HIGH-PRESSURE HYPERVELOCITY ELECTROTHERMAL WIND-TUNNEL PERFORMANCE STUDY AND SUBSCALE TESTS

This article describes the results of a study to demonstrate the feasibility of a Mach 10 to 20 air breathing propulsion test facility. The key element of this wind tunnel is a heater which uses a continuous high-power electric arc discharge potentially capable of heating air to temperatures over 10,000 K and to pressures of 15,000 atm. The heated air is then expanded through a supersonic nozzle to obtain the test condition. The features unique to this facility are the heater design, which allows arbitrarily high pressures to be generated (limited only by the material strength of the chamber), and the use of liquid air which improves the heater efficiency and alleviates the problems associated with conventional arc heaters operating at high pressure.
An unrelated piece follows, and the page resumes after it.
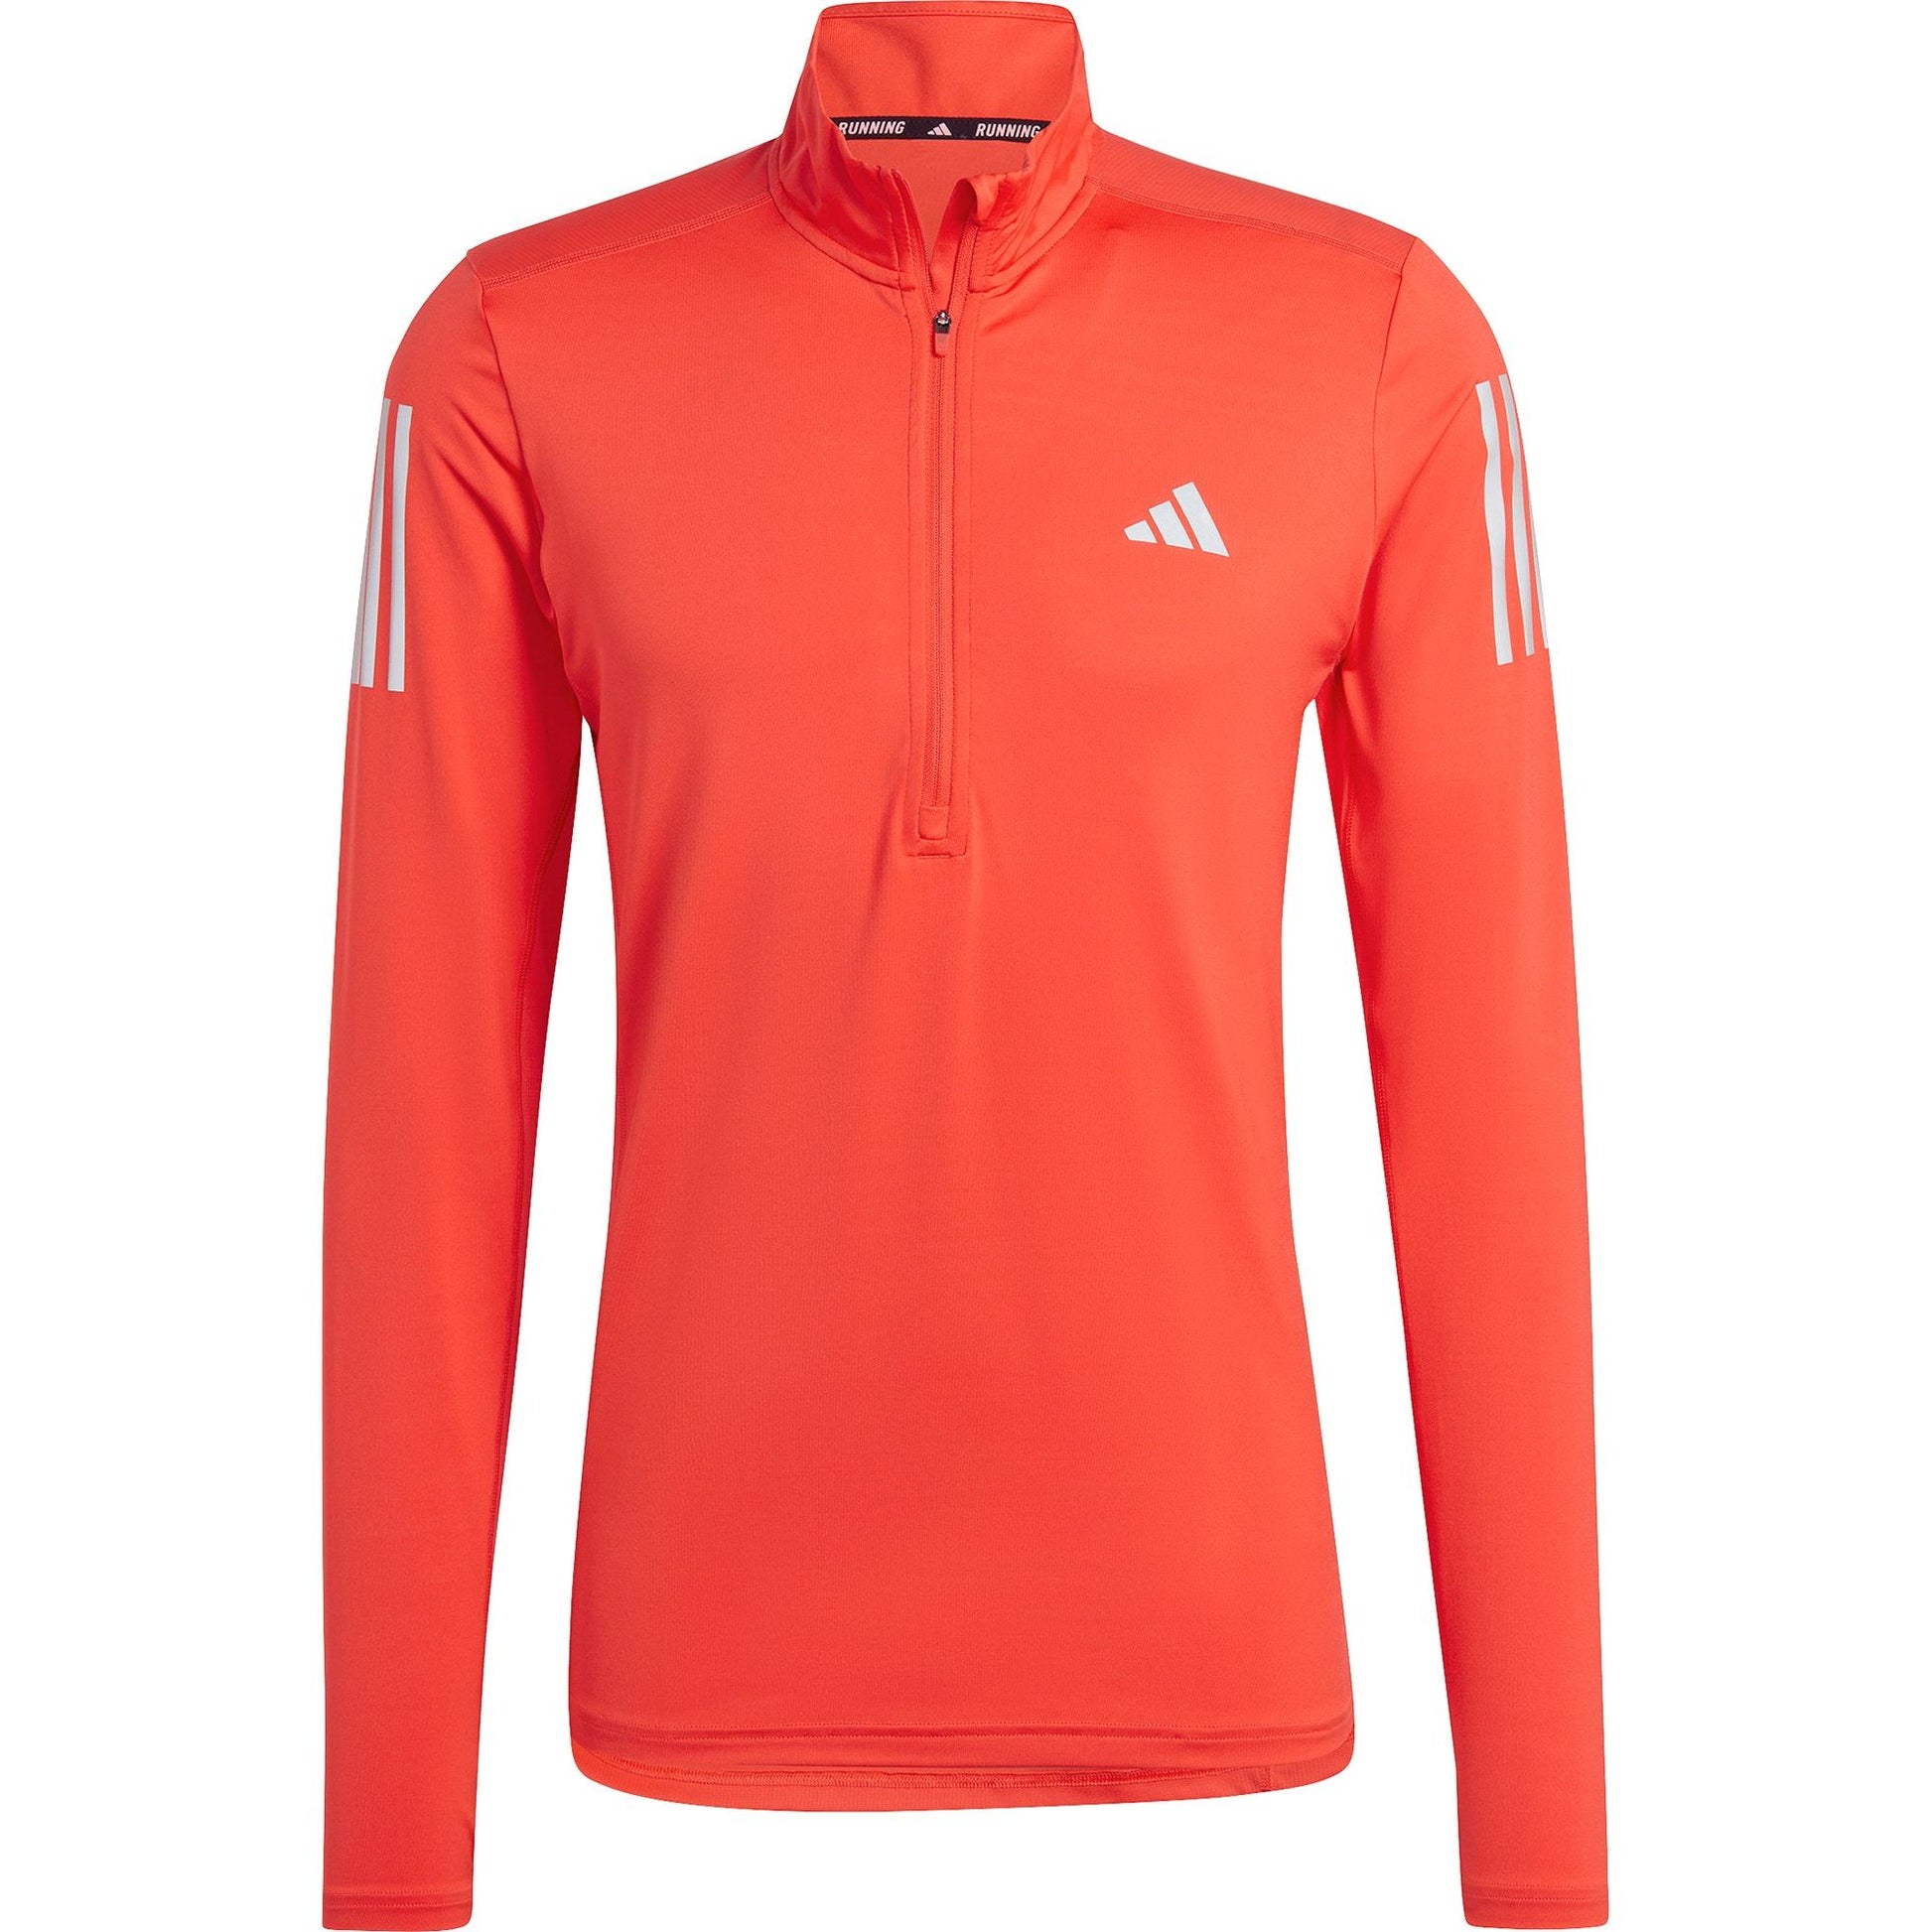 Adidas Own The Run Half Zip Long Sleeve Ik9565 Front - Front View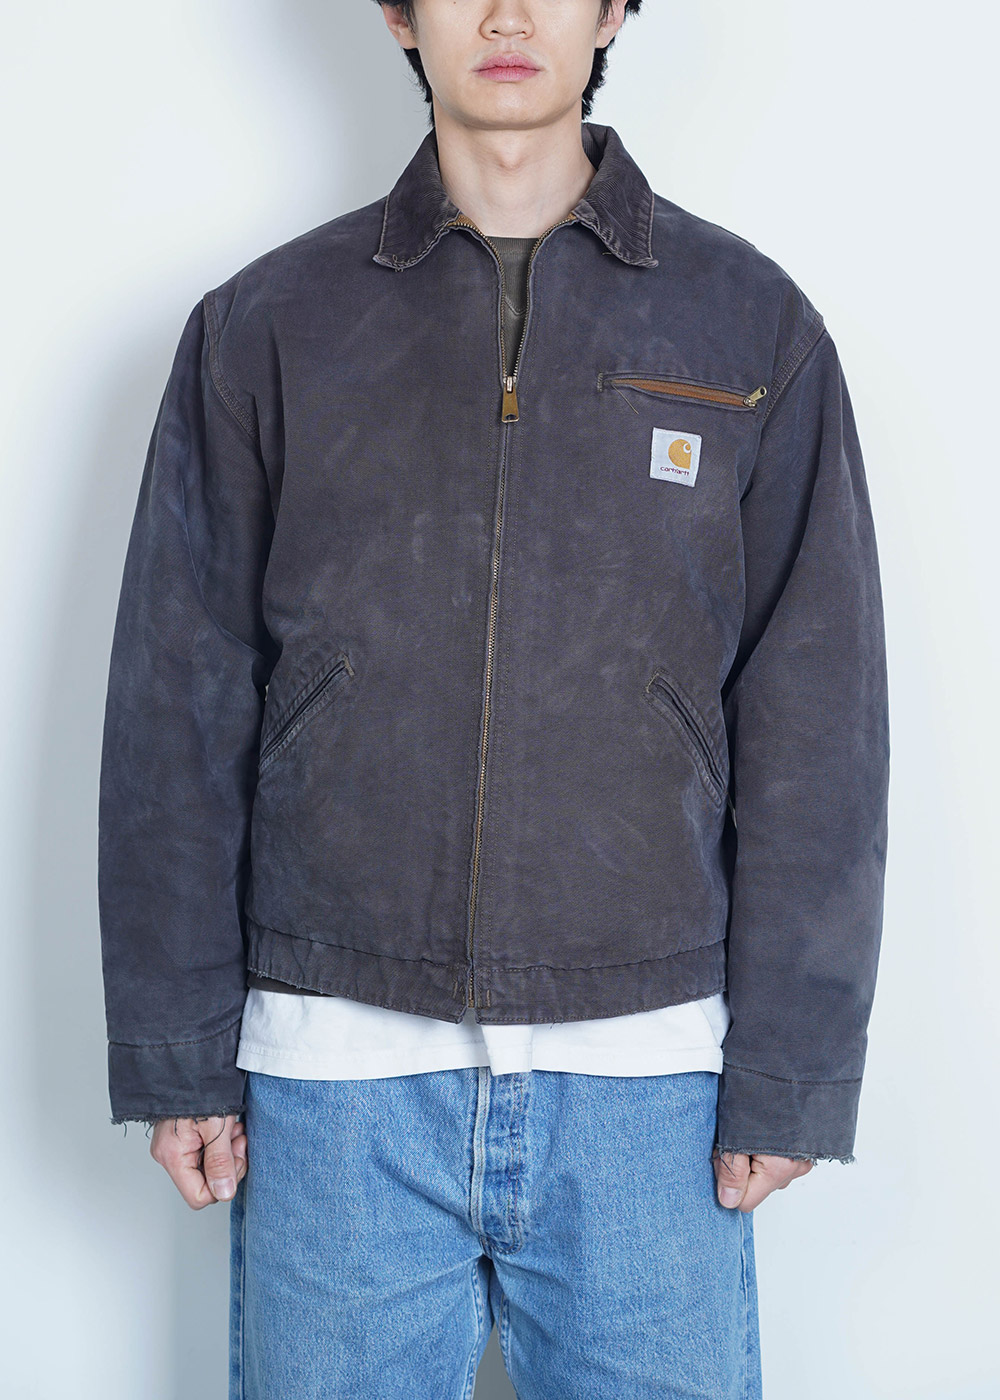 reproduction 044 / carhartt (Overdyed)

Analytical and experimental studies were conducted to determine the simulation limits of the facility and demonstrate stable operation of the heater with a cryogenic liquid, respectively. The analytical study indicated that the high pressure improves recombination chemistry in the facility nozzle by allowing chemical equilibrium to prevail to the freezing point. However, the high pressure also enhances the formation of nitric oxide which contaminates the test gas at roughly 5% by volume throughout the simulation envelope. The practical simulation limit of the facility was found to extend to about Mach 16, where pressure containment, high nozzle throat heat flux rates, and chemical freezing in the nozzle become limiting factors. The experimental study on a subscale, 2-ms test facility were successful in that steady arc discharges were observed with liquid nitrogen flowing into the arc chamber. The measured steady pressure in the arc chamber was 4559 psi, which is at least 20% greater than the maximum total pressure obtainable in conventional arc heaters.